- **EXERCISE GOAL**
Your task is to copy the listing exactly. Drop any pictures from the copy.

INPUT DATA section start

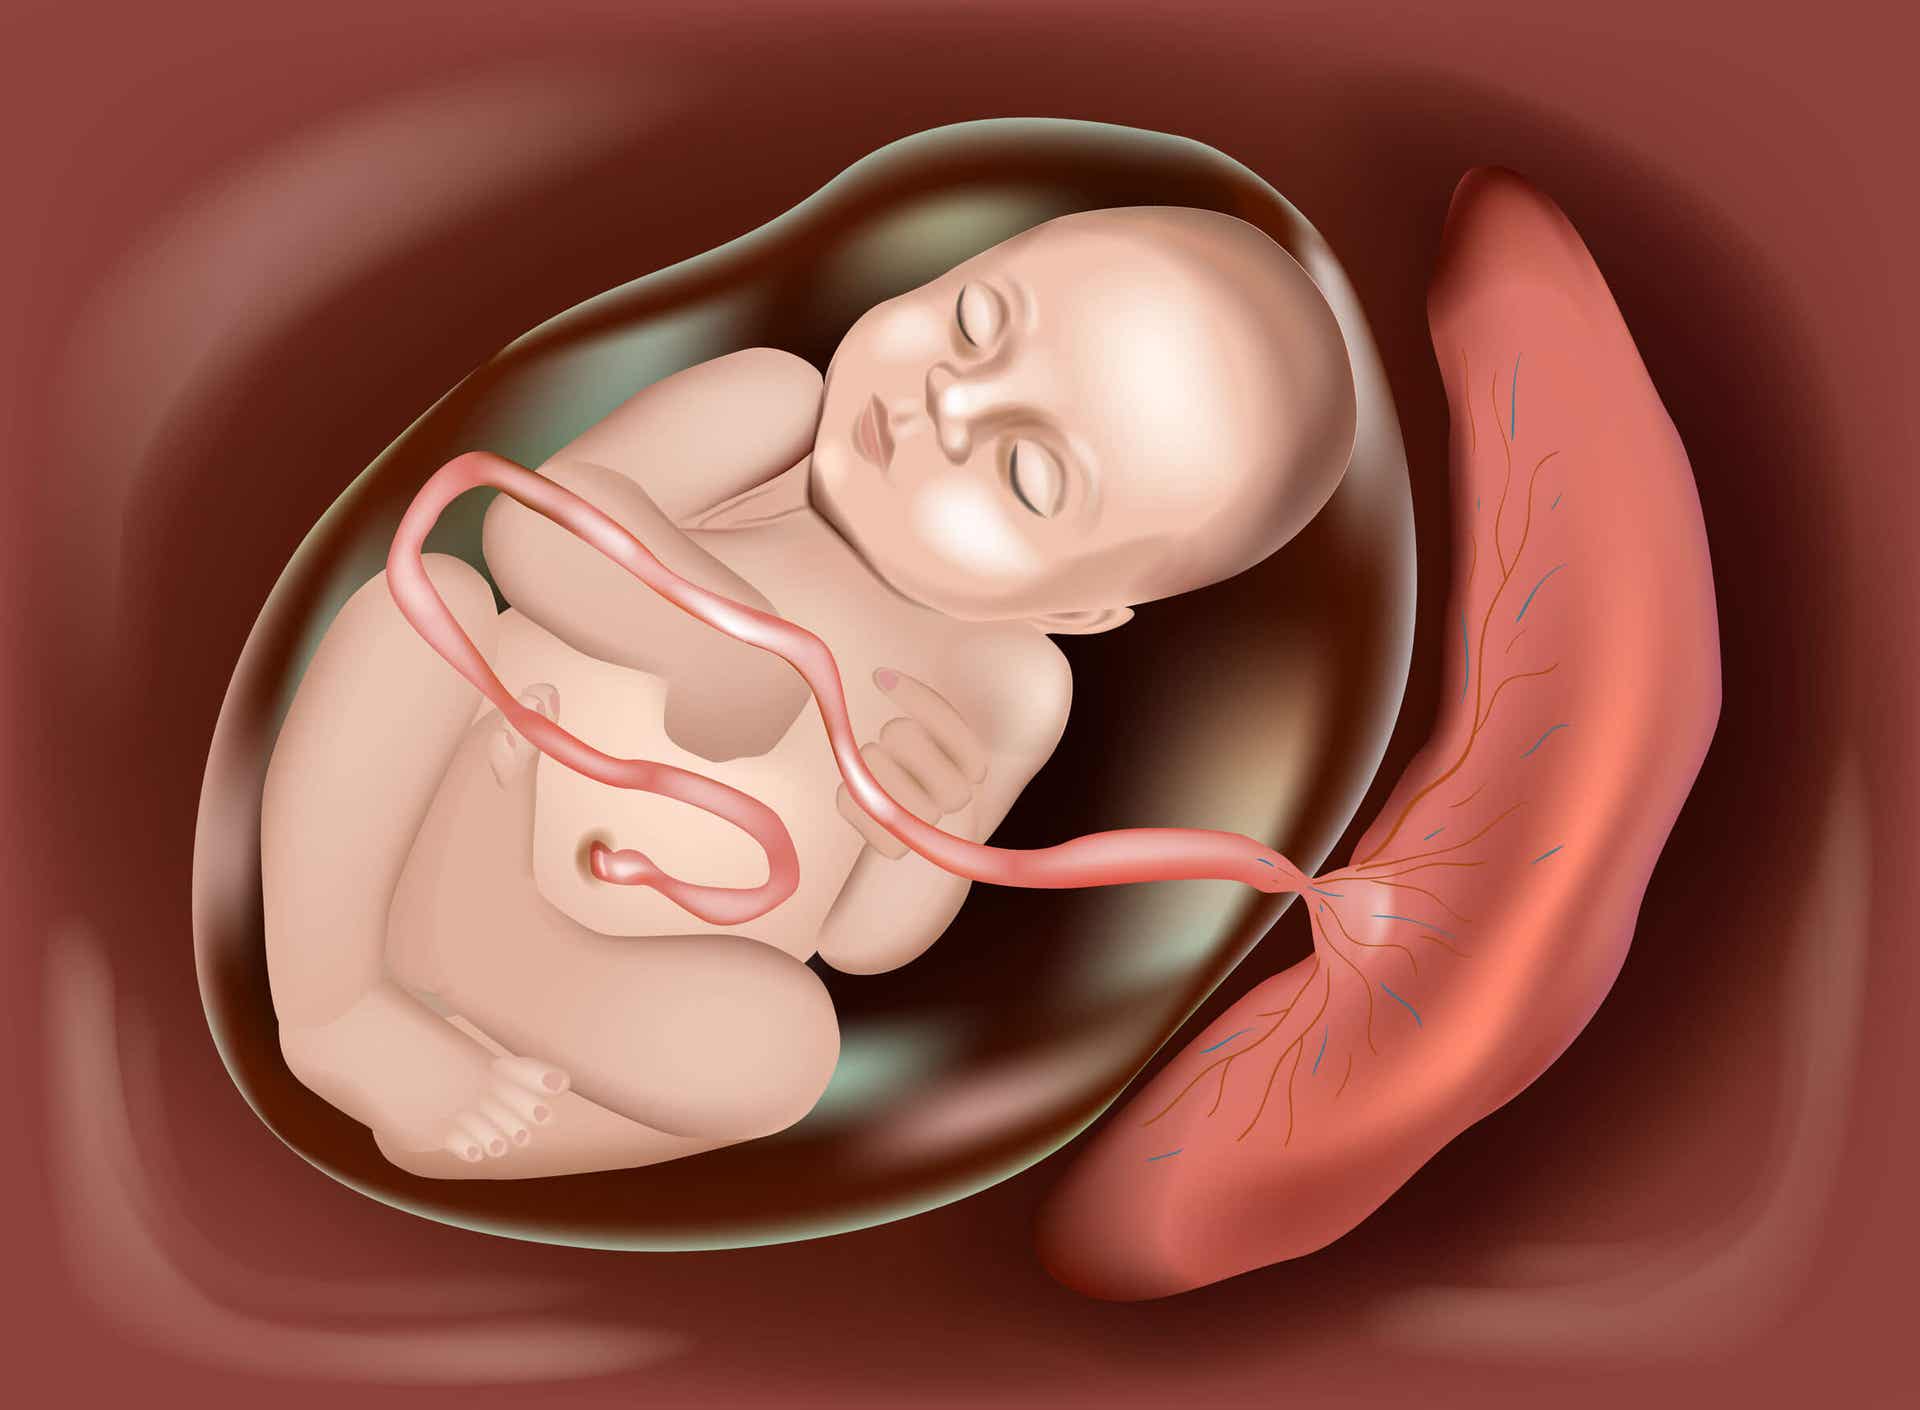 En tegning af en baby i livmoderen, forbundet med moderkagen
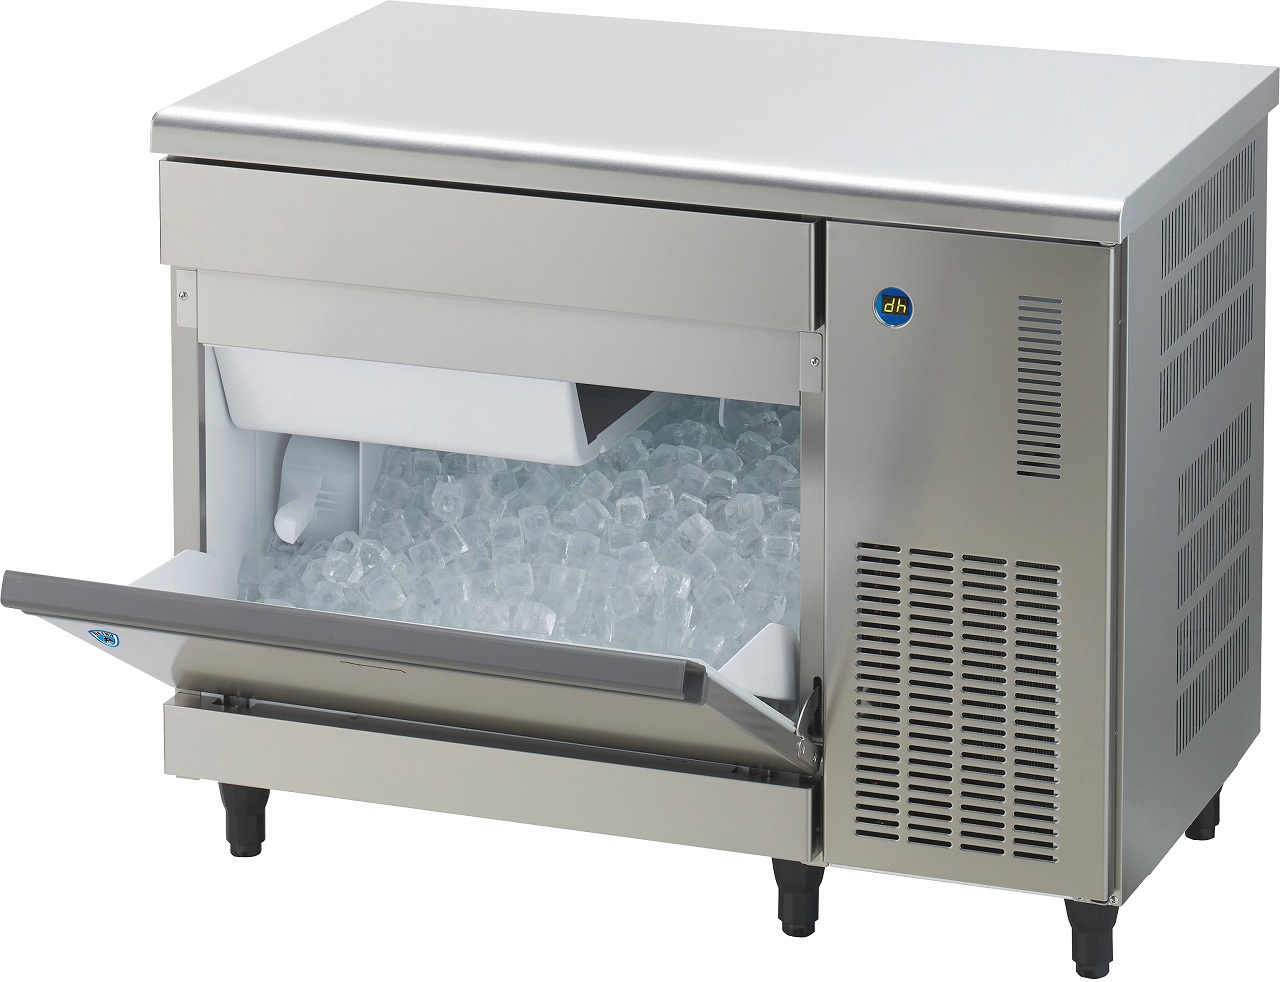 い出のひと時に、とびきりのおしゃれを！ 厨房機器販売クリーブランド製氷機 パナソニック SIM-AS240N-JB4 スタックオンタイプ 
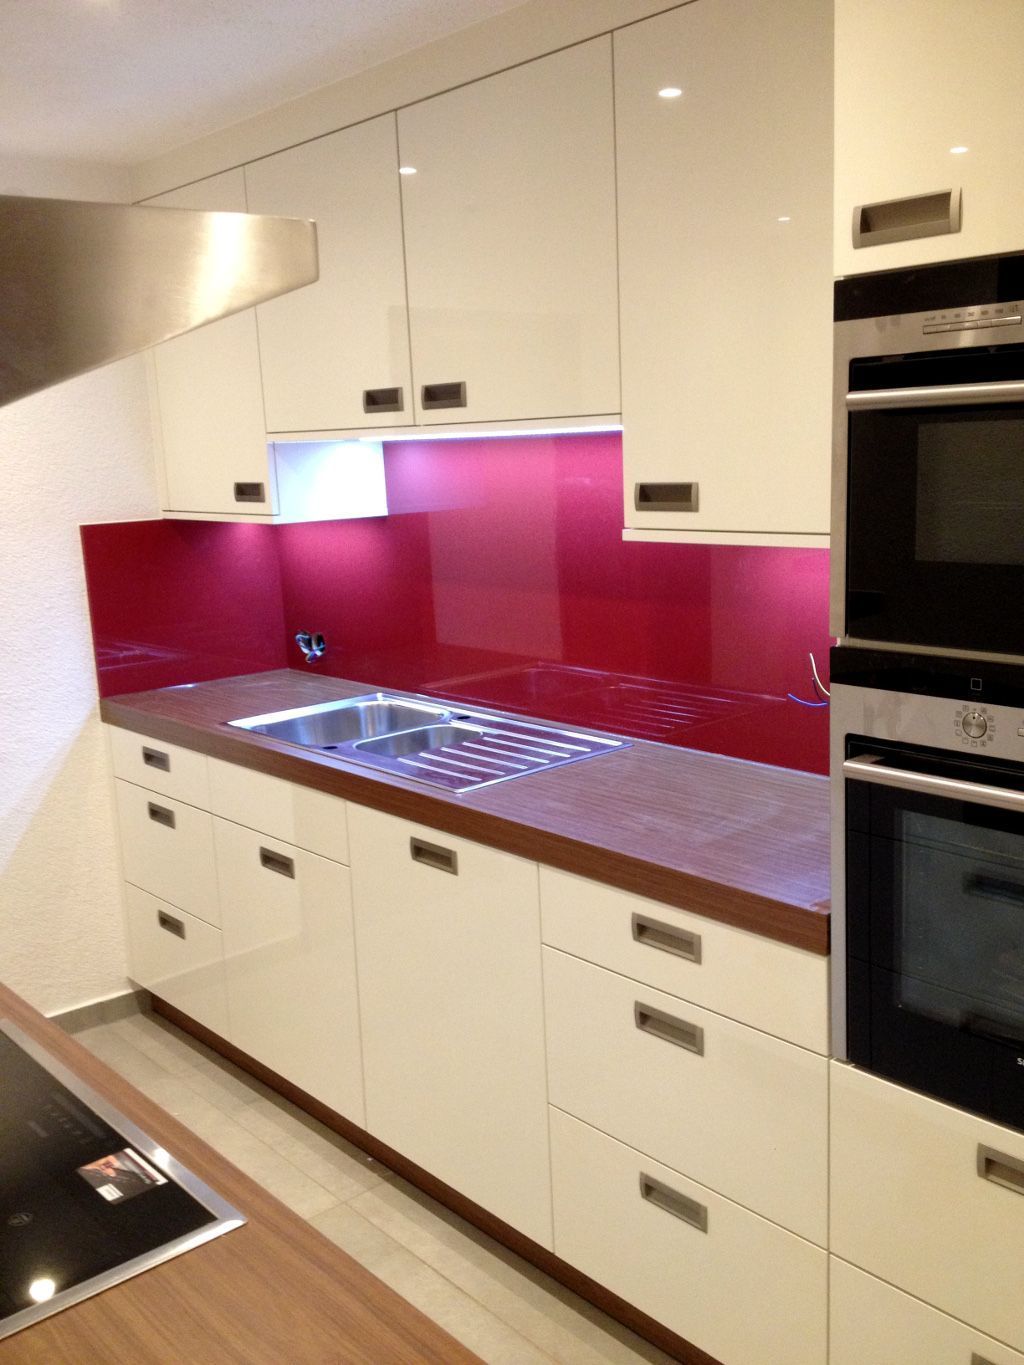 Küche in weiß und Nussbaum mit Spritzschutz in rot (Vöhringen)

INPUT DATA section end

- **WORKED SOLUTION**
 En tegning af en baby i livmoderen, forbundet med moderkagen
 い出のひと時に、とびきりのおしゃれを！ 厨房機器販売クリーブランド製氷機 パナソニック SIM-AS240N-JB4 スタックオンタイプ 
 Küche in weiß und Nussbaum mit Spritzschutz in rot (Vöhringen)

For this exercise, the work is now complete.